Linus,

Please pull the latest sched-urgent-for-linus git tree from:

   git://git.kernel.org/pub/scm/linux/kernel/git/tip/tip.git 
sched-urgent-for-linus

   # HEAD: f3a7e1a9c464a32ee186ab91388313c82e7ce018 sched/dl: Fix preemption 
checks

Various scheduler fixes all over the place: three SCHED_DL fixes, 
three sched/numa fixes, two generic race fixes and a comment fix.

 Thanks,

        Ingo

------------------>
Chen Hanxiao (1):
      sched: Update comments for CLONE_NEWNS

Juri Lelli (2):
      sched/deadline: Don't replenish from a !SCHED_DEADLINE entity
      sched/deadline: Fix races between rt_mutex_setprio() and dl_task_timer()

Kirill Tkhai (4):
      sched: Fix race between task_group and sched_task_group
      sched/numa: Fix unsafe get_task_struct() in task_numa_assign()
      sched/fair: Fix division by zero sysctl_numa_balancing_scan_size
      sched/dl: Fix preemption checks

Oleg Nesterov (1):
      sched: stop the unbound recursion in preempt_schedule_context()

Yasuaki Ishimatsu (1):
      sched/fair: Care divide error in update_task_scan_period()

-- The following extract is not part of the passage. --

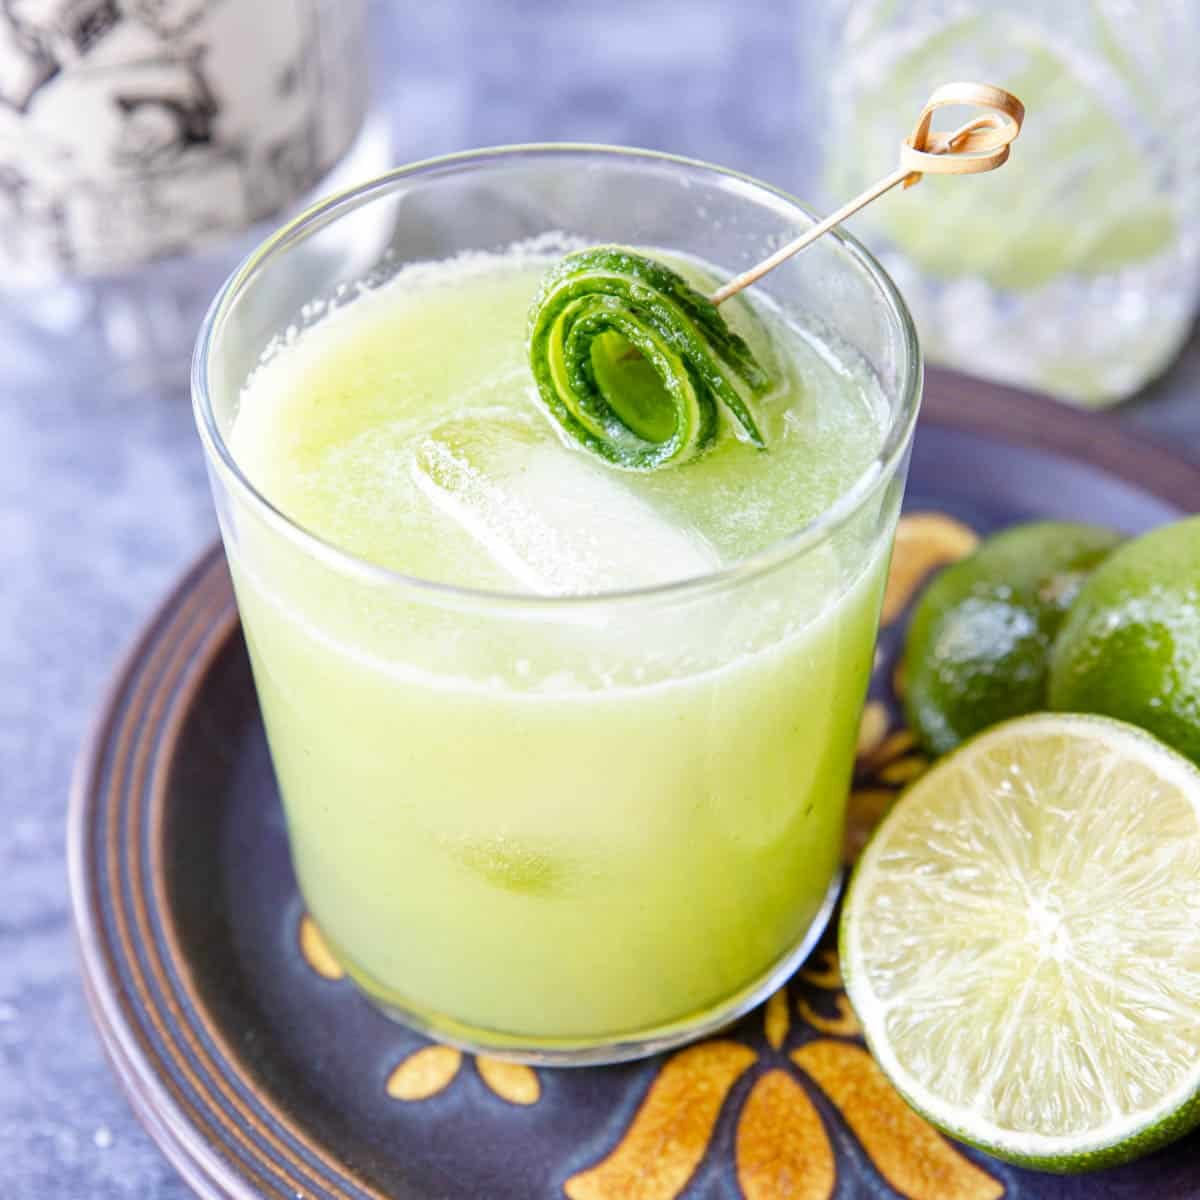 Cucumber margarita in a glass with a cucumber rosette garnish

 arch/x86/include/asm/preempt.h |  1 +
 include/uapi/linux/sched.h     |  2 +-
 kernel/context_tracking.c      | 40 -----------------------------------
 kernel/sched/core.c            | 47 ++++++++++++++++++++++++++++++++++++++++++
 kernel/sched/deadline.c        | 41 ++++++++++++++++++++++++++++--------
 kernel/sched/fair.c            | 21 ++++++++++++++-----
 kernel/sysctl.c                |  3 ++-
 7 files changed, 99 insertions(+), 56 deletions(-)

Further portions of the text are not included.